Best practices for implementing a hybrid database system - Amazon DynamoDB

Best practices for implementing a hybrid database system

In some circumstances, migrating from one or more relational database management systems (RDBMS) to Amazon DynamoDB might not be advantageous. In these cases, it might be preferable to create a hybrid system.

If you don't want to migrate everything to DynamoDB

For example, some organizations have large investments in the code that produces a multitude of reports needed for accounting and operations. The time it takes to generate a report is not important to them. The flexibility of a relational system is well suited to this kind of task, and re-creating all those reports in a NoSQL context might be prohibitively difficult.

Some organizations also maintain a variety of legacy relational systems that they have acquired or inherited over decades. Migrating data from these systems might be too risky and expensive to justify the effort.

However, the same organizations may now find that their operations depend on high-traffic customer-facing websites, where millisecond response is essential. Relational systems can't scale to meet this requirement except at huge (and often unacceptable) expense.

In these situations, the answer might be to create a hybrid system, in which DynamoDB creates a materialized view of data stored in one or more relational systems and handles high-traffic requests against this view.

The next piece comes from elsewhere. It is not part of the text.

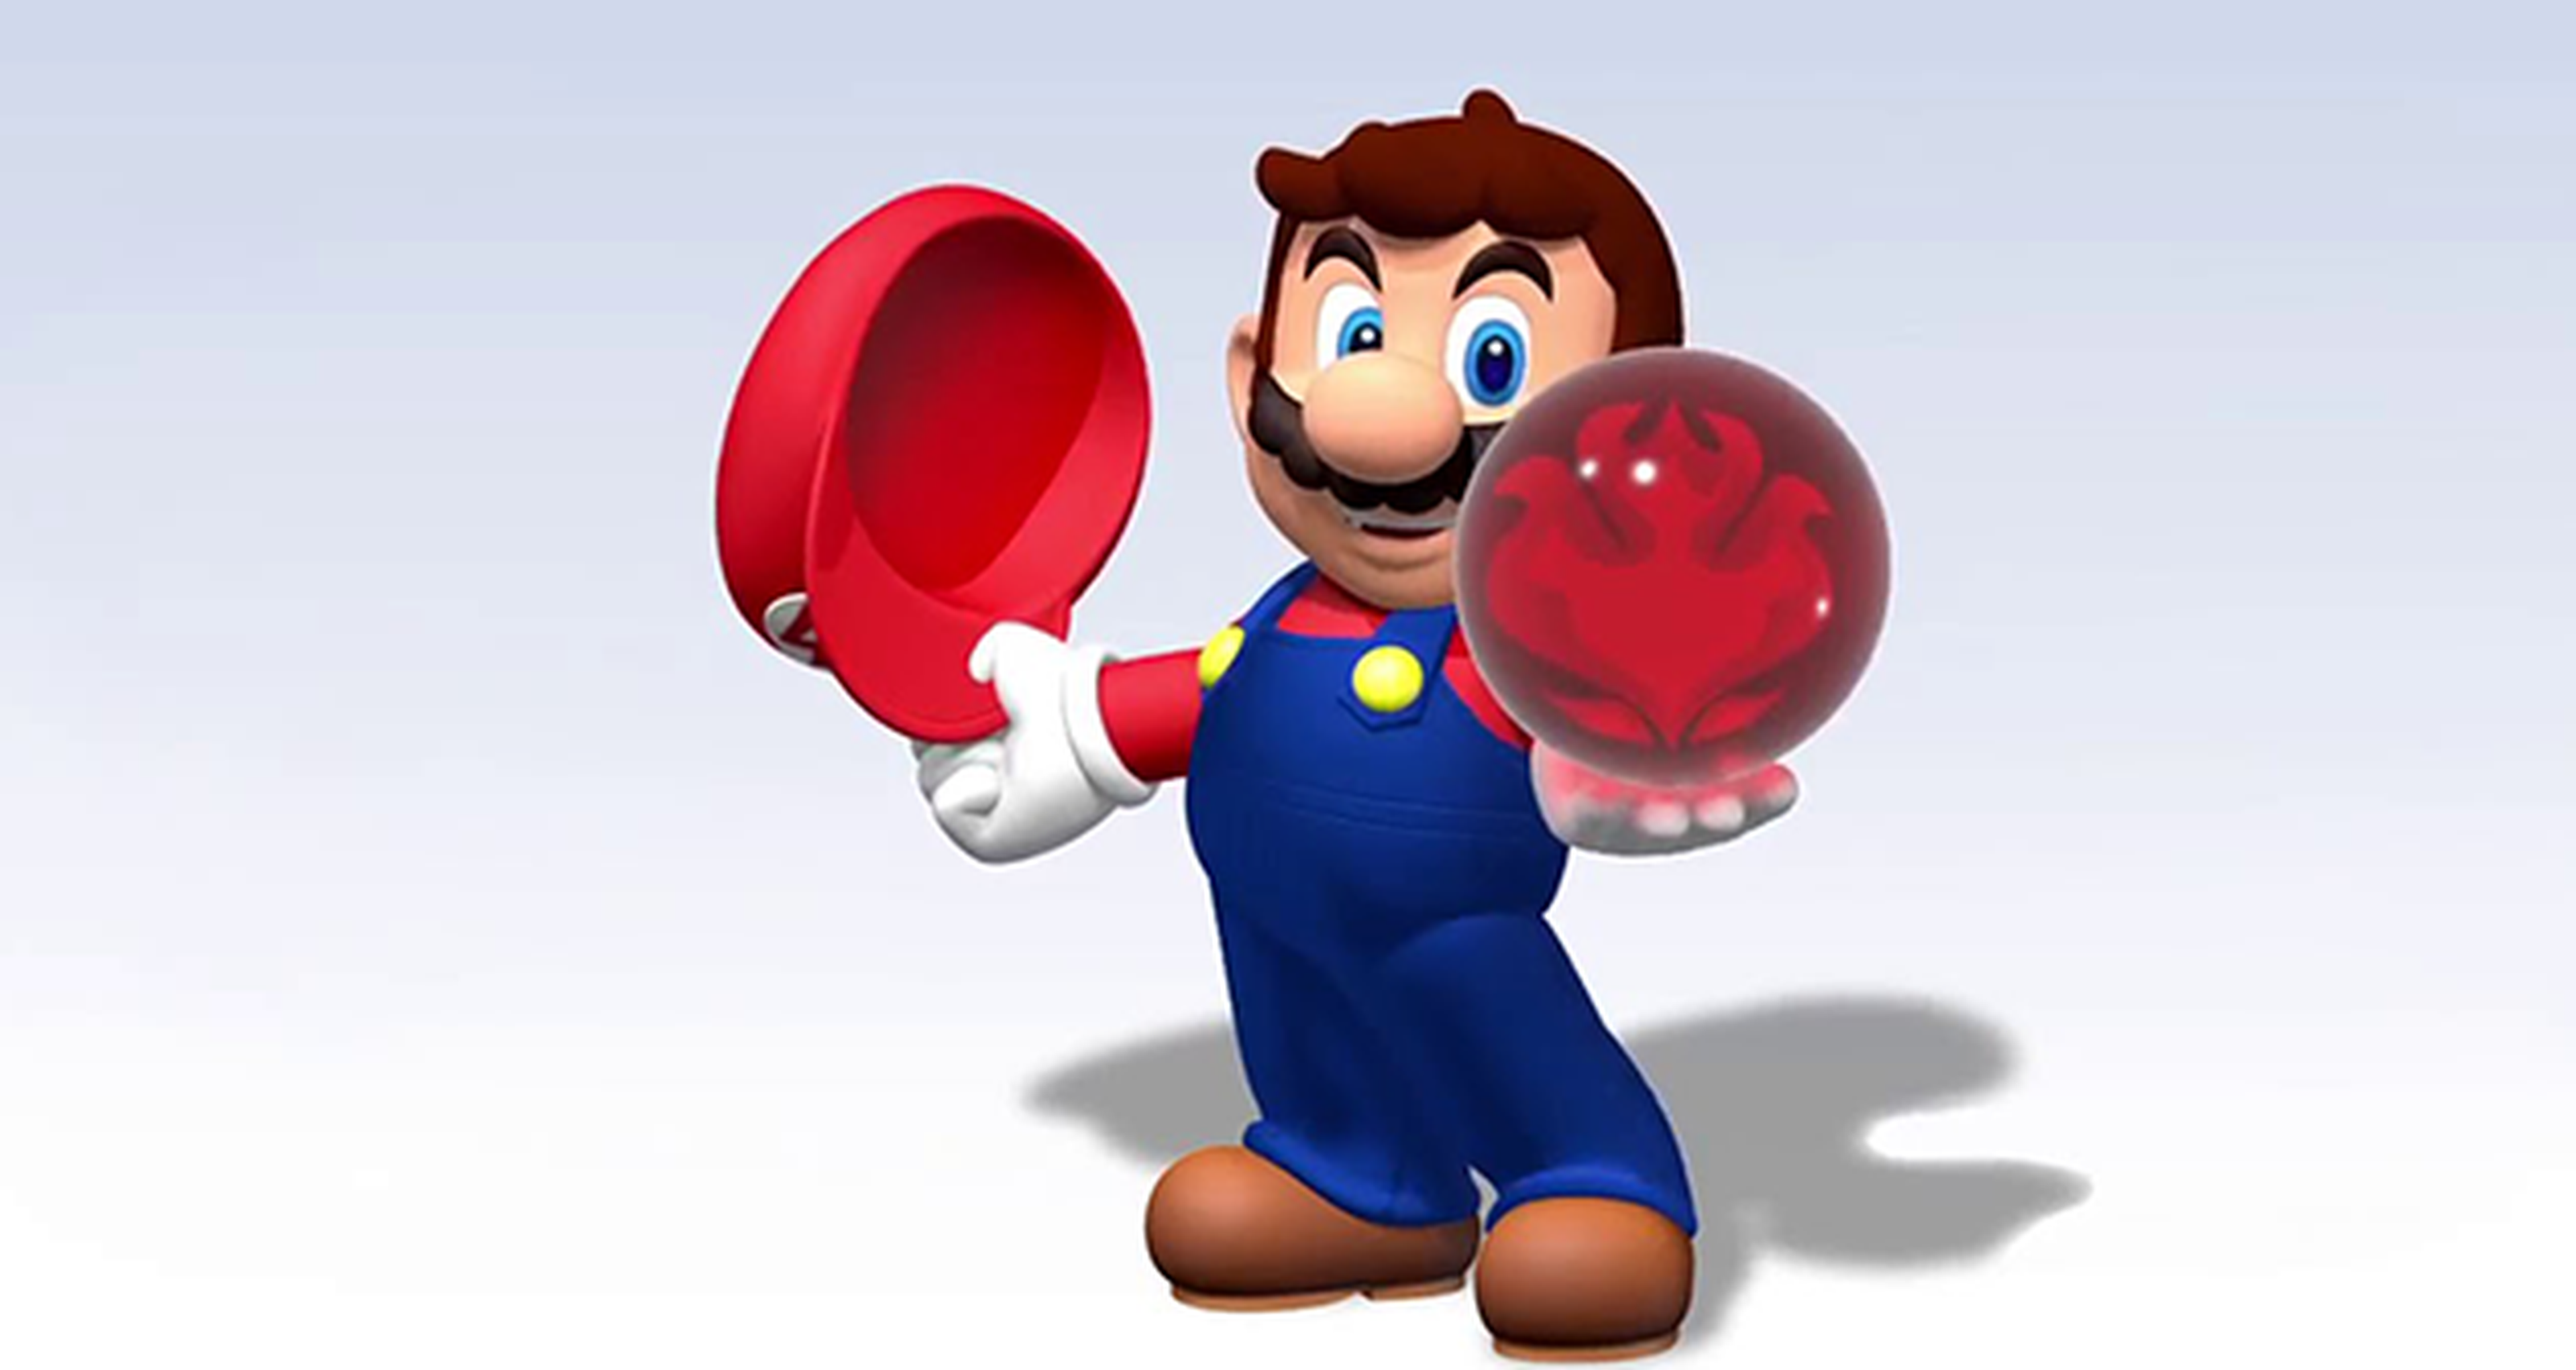 Puzzle & Dragons: Super Mario Bros. Edition is Coming to Nintendo 3DS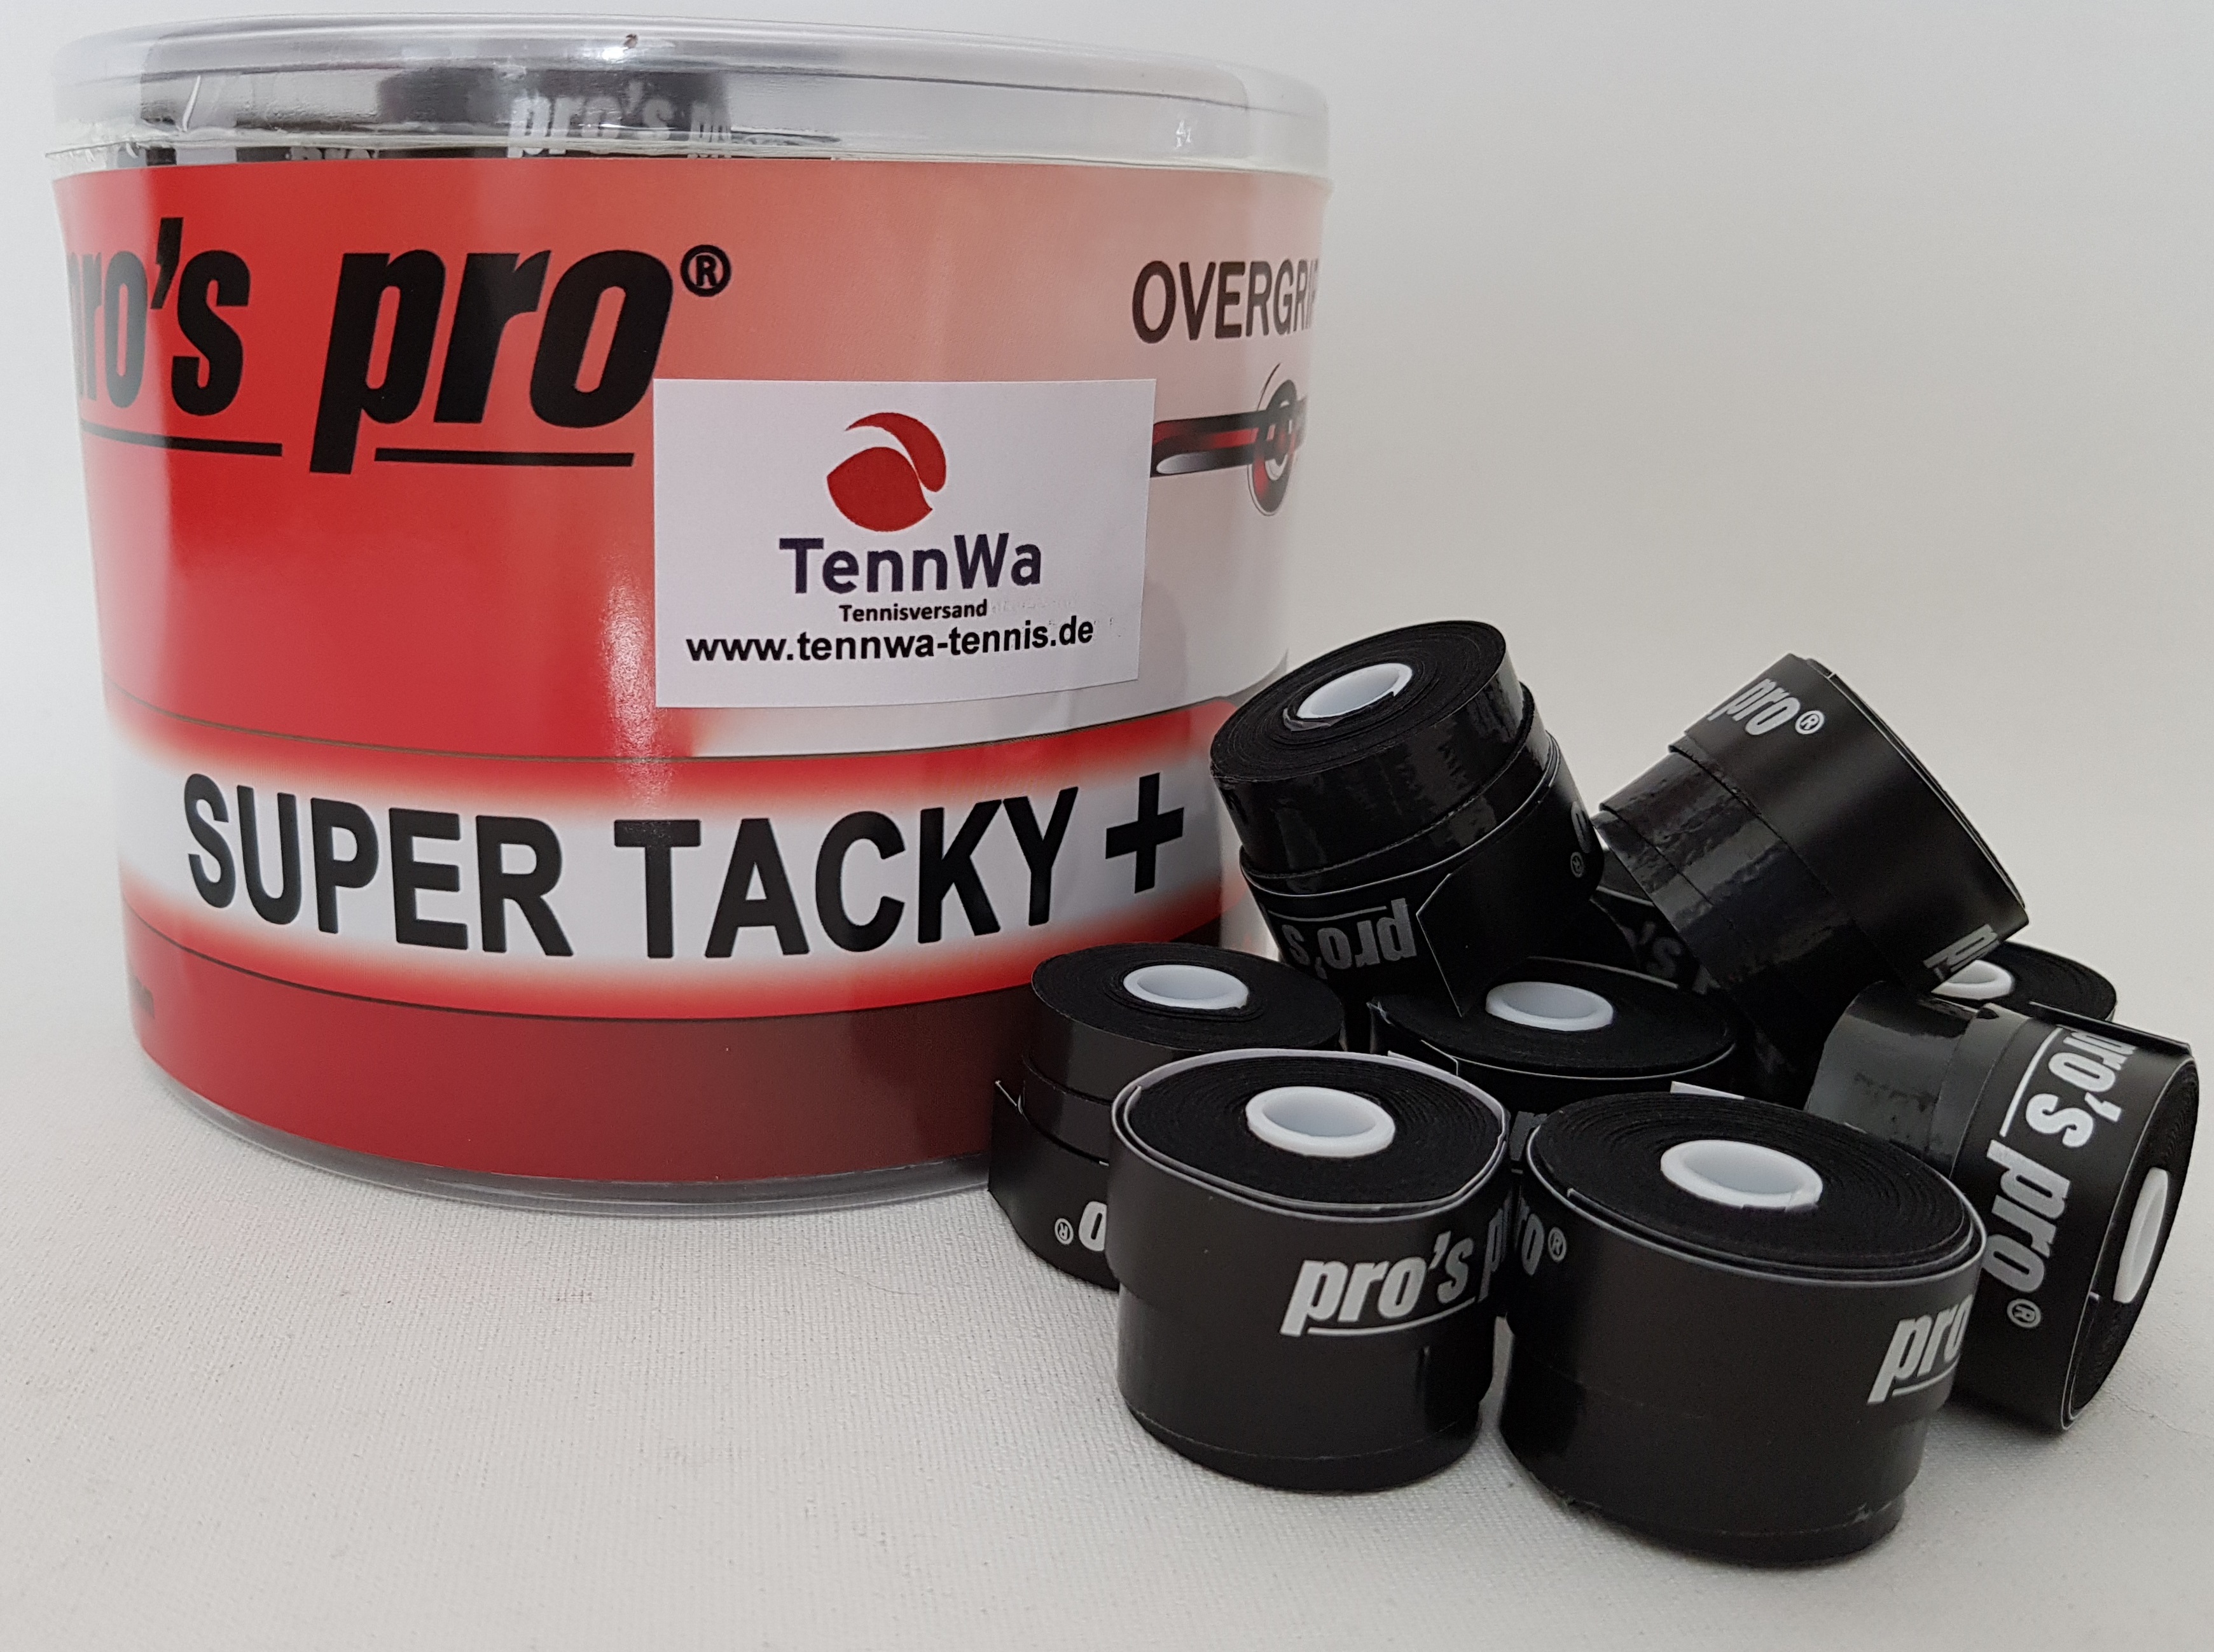 Pros Pro Super Tacky Plus schwarz, 10 Stück

This type of system can potentially reduce costs by eliminating server hardware, maintenance, and RDBMS licenses that were previously needed to handle customer-facing traffic.

How a hybrid system can be implemented

DynamoDB can take advantage of DynamoDB Streams and AWS Lambda to integrate seamlessly with one or more existing relational database systems:

        Diagram illustrating how to integrate DynamoDB with existing SQL systems.

A system that integrates DynamoDB Streams and AWS Lambda can provide several advantages:

  • It can operate as a persisted cache of materialized views.

  • It can be set up to fill gradually with data as that data is queried for, and as data is modified in the SQL system. This means that the entire view does not need to be pre-populated. This in turn means that provisioned throughput capacity is more likely to be used efficiently.

  • It has low administrative costs and is highly available and reliable.

For this kind of integration to be implemented, essentially three kinds of interoperation must be provided.

        Coding needed to integrate DynamoDB with existing SQL systems.
  1. Fill the DynamoDB cache incrementally. When an item is queried, look for it first in DynamoDB. If it is not there, look for it in the SQL system, and load it into DynamoDB.

  2. Write through a DynamoDB cache. When a customer changes a value in DynamoDB, a Lambda function is triggered to write the new data back to the SQL system.

  3. Update DynamoDB from the SQL system. When internal processes such as inventory management or pricing change a value in the SQL system, a stored procedure is triggered to propagate the change to the DynamoDB materialized view.

These operations are straightforward, and not all of them are needed for every scenario.

A hybrid solution can also be useful when you want to rely primarily on DynamoDB, but you also want to maintain a small relational system for one-time queries, or for operations that need special security or that are not time-critical.